Exhibit 10.4
THE HOLOGIC, INC.
AMENDED AND
RESTATED
SUPPLEMENTAL EXECUTIVE RETIREMENT
PLAN
Amended and Restated
December 11, 2008
THE HOLOGIC, INC.
AMENDED AND
RESTATED
SUPPLEMENTAL EXECUTIVE RETIREMENT
PLAN
ARTICLE I - PURPOSE; EFFECTIVE
DATE
1.1 Purpose . The
purpose of this HOLOGIC, INC. AMENDED AND RESTATED SUPPLEMENTAL
EXECUTIVE RETIREMENT PLAN (hereinafter, the “Plan”) is
to permit a select group of management or highly compensated
employees of Hologic, Inc. (and its selected subsidiaries and/or
affiliates) to defer the receipt of income which would otherwise
become payable to them. It is intended that this Plan, by providing
these eligible employees an opportunity to defer the receipt of
income, will assist in the retaining and attracting individuals of
exceptional ability and by providing an additional opportunity to
save for retirement beyond Code limitations imposed on qualified
retirement plans.
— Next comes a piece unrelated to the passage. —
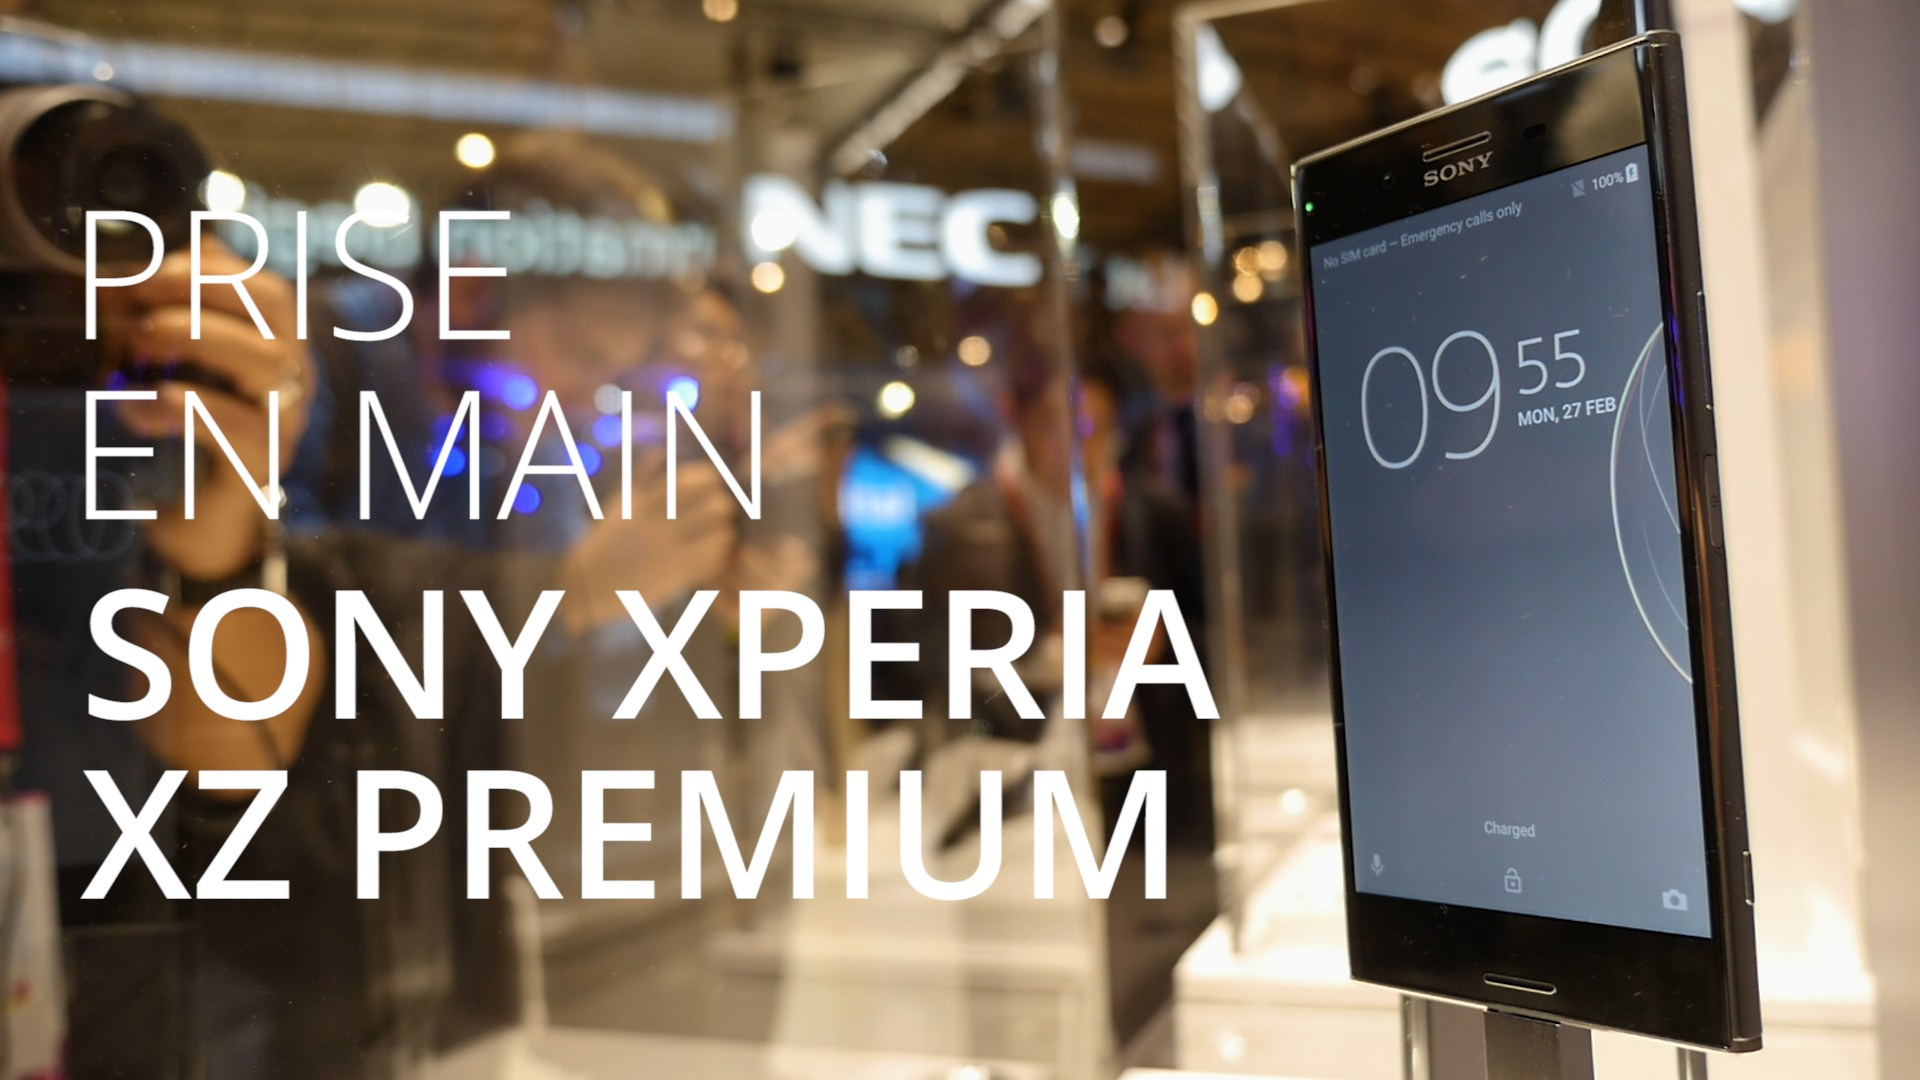 Sony Xperia XZ Premium : nos impressions en vidéo au MWC 2017
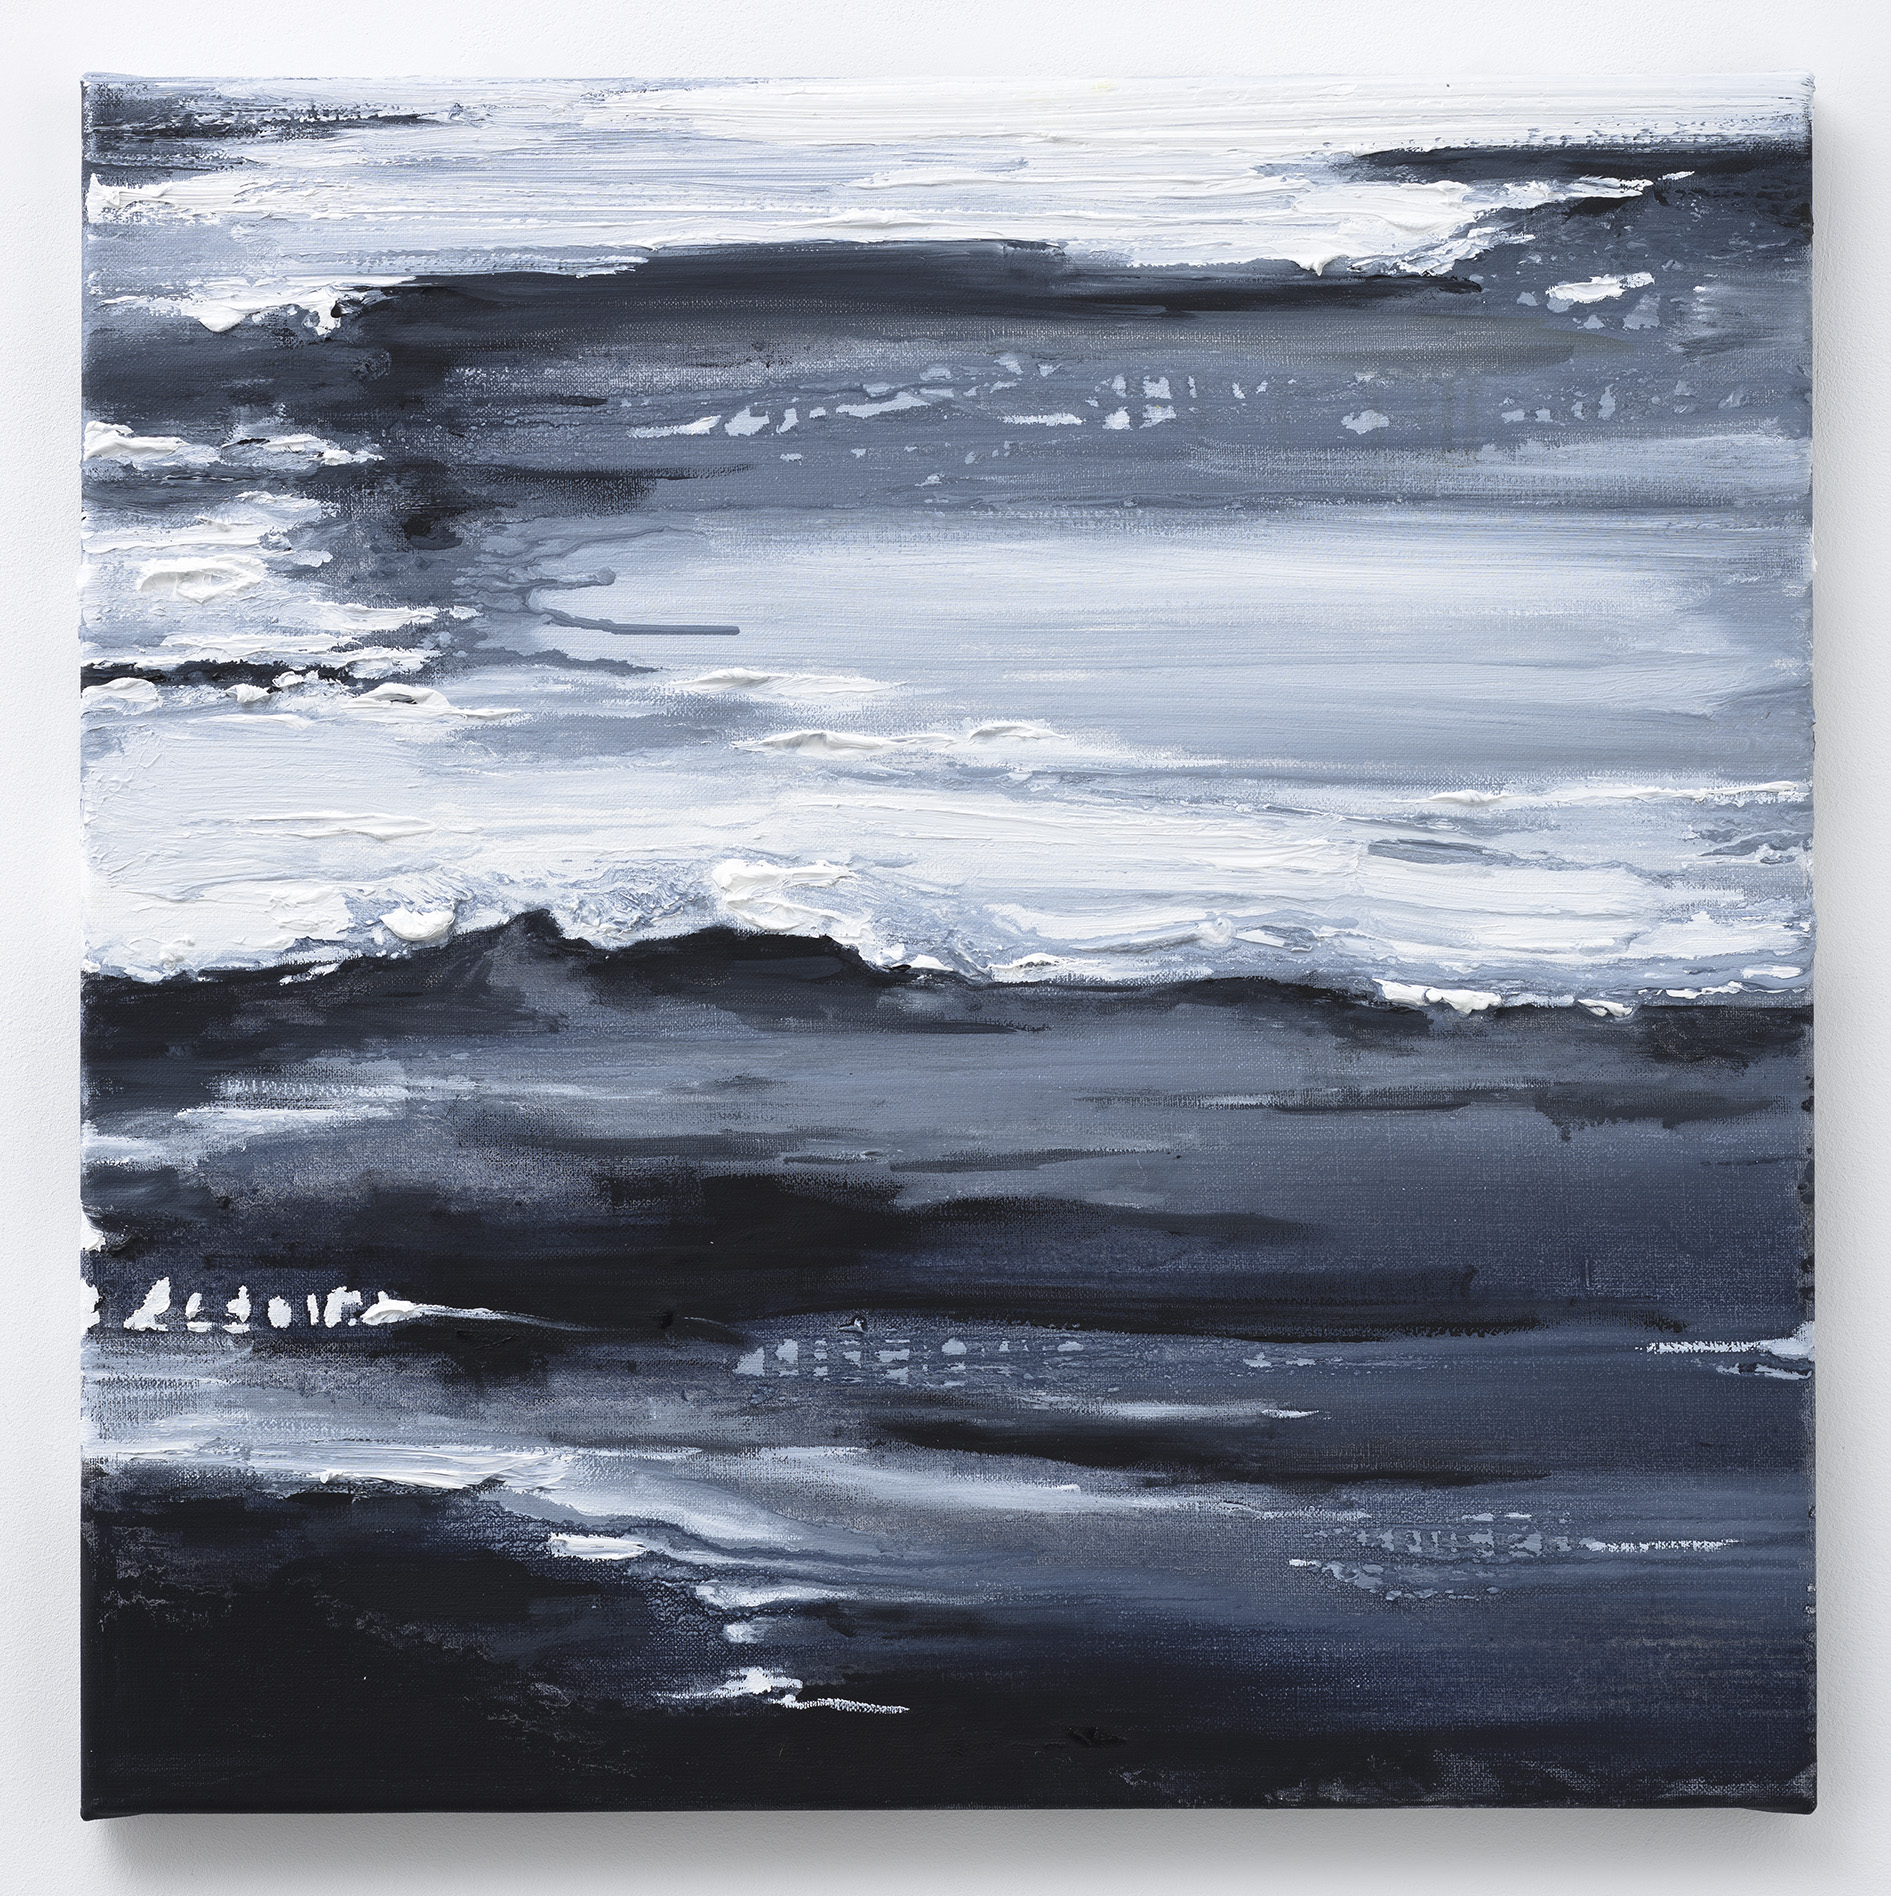 """Paisagen do Infinito"" 50 x 50 cm. oil on linen 2015"

This Plan is intended to be
“unfunded” for purposes of the Employee Retirement
Income Security Act of 1974, as amended
(“ERISA”).
1.2 Effective Date .
This Plan was originally adopted by the Company effective as of
October 15, 2006. The Plan, as amended and restated herein,
shall be effective as of December 1, 2008 (the “Effective
Date”). It is the intent that all of the amounts deferred and
benefits provided under this Plan will comply with the terms of
Section 409A of the Code and the final Treasury Regulations
promulgated thereunder.
1.3 Unfunded Plan .
This plan is an unfunded top-hat plan maintained primarily to
provide deferred compensation benefits for a “select group of
management or highly-compensated employees” within the
meaning of Sections 201, 301, and 401 of ERISA, and therefore is
exempt from the provisions of Parts 2, 3 and 4 of Title I of
ERISA.
ARTICLE II -
DEFINITIONS
For the purpose of this Plan, the
following terms shall have the meanings indicated, unless the
context clearly indicates otherwise:
2.1 Account(s) .
“Account(s)” means the notional account or accounts
maintained on the books of the Company used solely to calculate the
amount payable to each Participant under this Plan and shall not
constitute a separate fund of assets. Account(s) shall be deemed to
exist from the time amounts are first credited to such Account(s)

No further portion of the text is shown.